Have you ever had the opportunity to experience love, only to run a million miles or go into self-destruct or sabotage mode, often without even realising it until it is too late?

I had just this; an incredible relationship, an amazing man who adored me, and most of all could see me for the incredible woman I was, even though I was not choosing to live that woman at the time of our relationship.

I knew how much he loved me, that he would always be there for me, and to be honest, it has only been recently I have been able to admit and see just how far I went to push him away and end our relationship.

I constantly went into self-doubt, always questioning him about where he had been, and my mind would have a field day with me, coming up with all sorts of scenarios while he was out with his friends.

Yes, I was young, but deep down I knew he was not up to anything, that he was totally trustworthy, but because of my own insecurities and lack of self-worth I would go into self-destruct mode and on would come the arguments, which just confirmed for me that there was something more than what he said was going on, even though I would be the one to instigate the arguments to begin with.

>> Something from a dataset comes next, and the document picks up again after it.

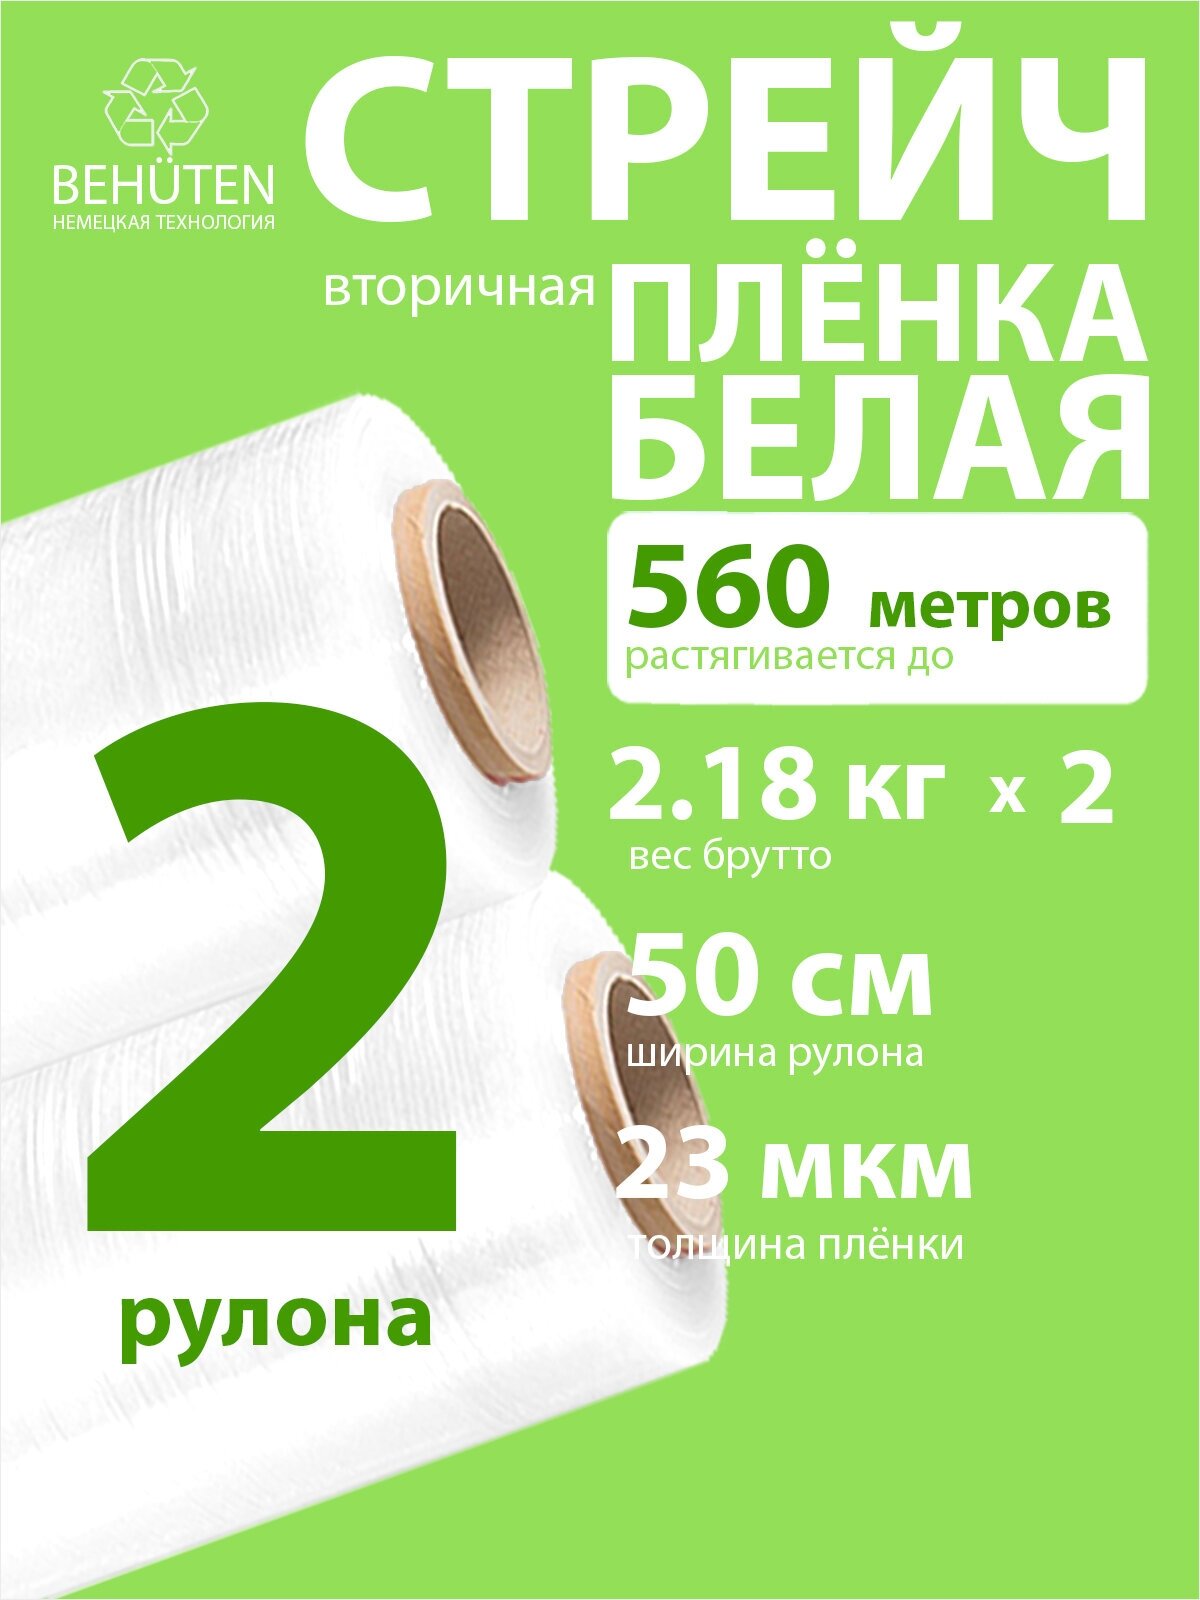 Стрейч пленка BEHUTEN упаковочная белая 50 см 23 мкм 2,18 кг вторичная, 2 рулона

I would think that if he became argumentative in return then there had to be more to it, or if he walked away or didn’t want to talk about it, then again there had to be more to it.

Absurd, crazy and totally unnecessary, but for me, holding myself back, not allowing myself to truly be loved or to live the love and the woman I was, was a self-defence mechanism I had created to keep others away, no matter how much I loved or cared for them. I had so much fear around being hurt I wanted to get in first.

The crazy thing was it was me who was doing all the hurting; firstly, and most of all, to myself, and then to others, as an end result of my own issues I was not choosing to deal with or allowing myself to feel.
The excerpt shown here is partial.